Cormac MacConnell was chatting with interesting VIPs during his break in the Netherlands, but seems to have been even more impressed by their new no-water house plant for a future of rising seas, the amaryllis.
Dear Santa Claus,
I’m aware you and your team are working overtime at the moment and dealing with different time zones across the globe which you brighten up with peace and goodwill.
So you may not be able to read this Irish yarn until we attack another New Year, with renewed hope that it will be more peaceful and balanced than the difficult enough one for which we are itching to
recycle the wall calendars.
Anyway, I’m offering these morsels of my pure truths, for what they are worth down the new road.
I will surprise even regular readers, never mind your good self, with the absolute truths that, during the earlier days of this Christmas, I had a friendly conversation with a national police commissioner, who was unfairly sacked recently from his prestigious position, but bears no malice towards the bosses who dumped him for political reasons. (Where have we heard that kind of yarn before?)

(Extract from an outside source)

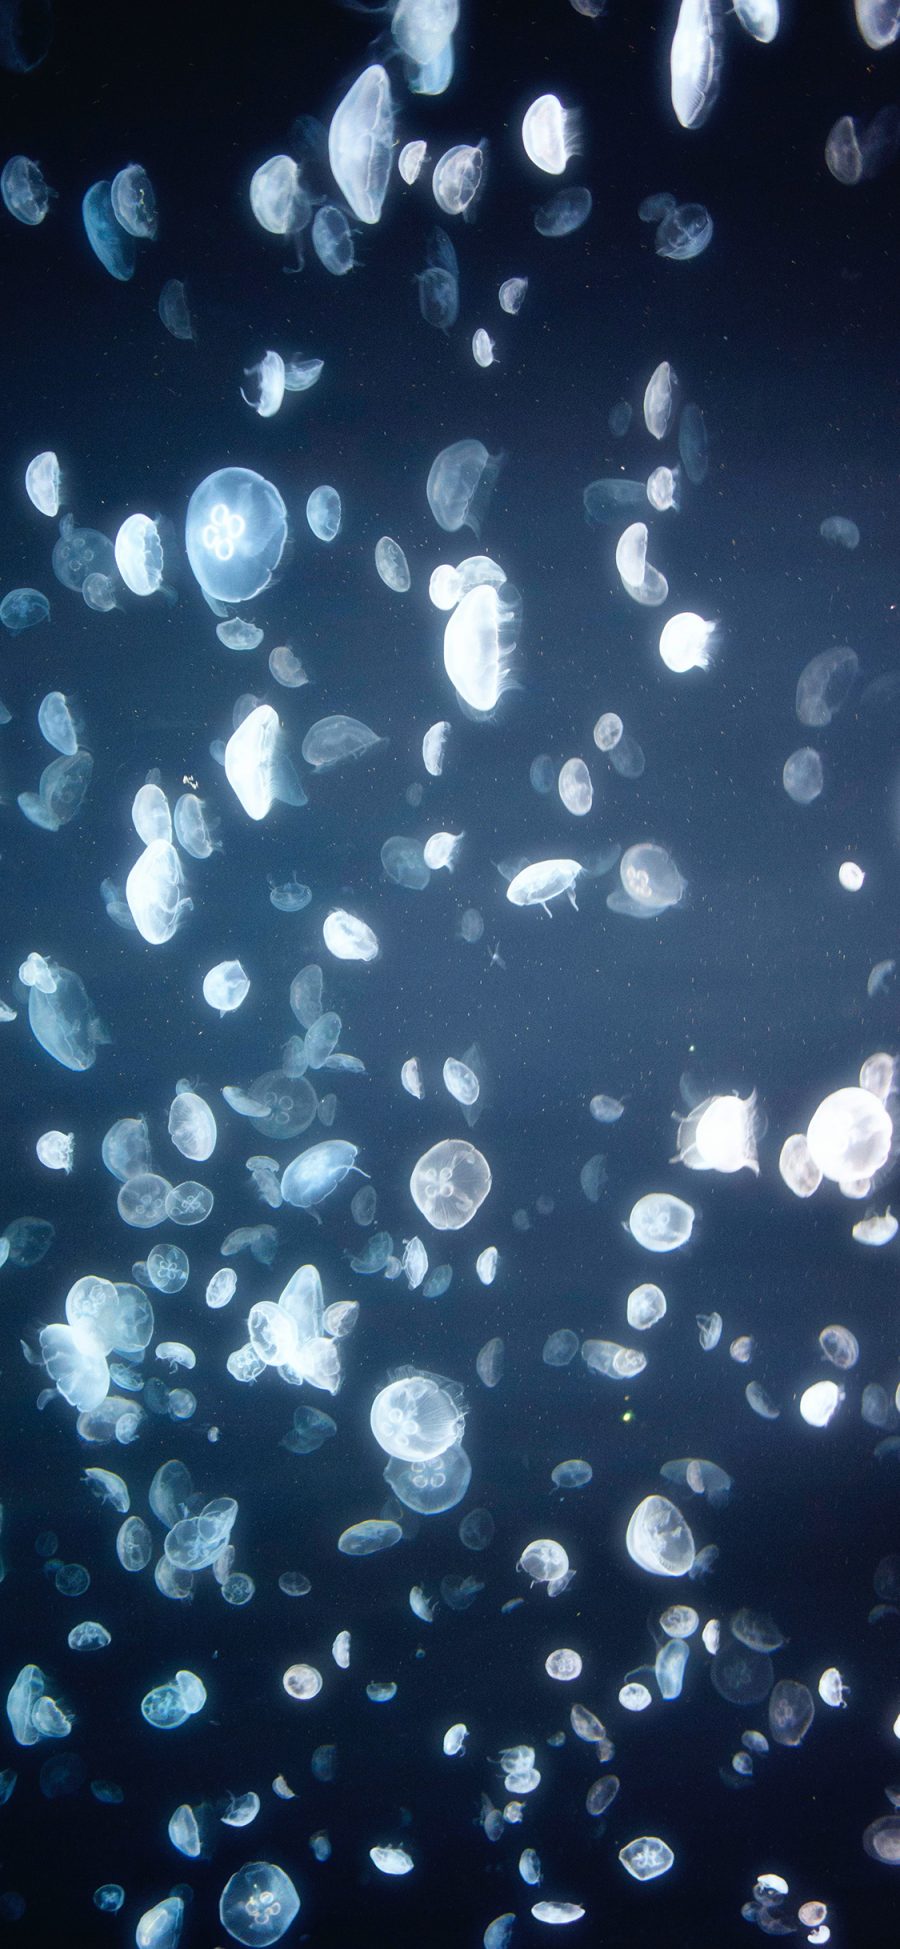 [2436×1125]水母 密集 养殖 浮游 苹果手机壁纸图片

In the same hour, I also shared an enjoyable meeting with a direct descendant of Alexander Nobel, the Jew who brought as much peace and goodwill to the world as even yourself. That lovely Nobel gentleman, upon hearing I was running low on cigarettes, scurried out into the night to bring me back the gift of ample supplies for the days ahead. Heartwarming stuff on a cold night.
Yes, I was spending a few December days and nights in my wife Annet’s homeland, in the Netherlands.

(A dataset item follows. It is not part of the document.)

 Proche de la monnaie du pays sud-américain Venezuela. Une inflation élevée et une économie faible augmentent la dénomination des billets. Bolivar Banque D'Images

In my late night conversations with a Nobel and a
dismissed police commissioner, and others, I did my best to convert those occasions into what somebody said was the Bletherlands rather than the Netherlands.
It was all great craic, which made me feel totally at home.
I noted some surprising differences between the two cultures. On the streets and in the bars and restaurants, for example, I was surprised at the number of folk, mainly Orientals, whose faces were largely concealed by linen face masks.
I felt there might be some religious significance.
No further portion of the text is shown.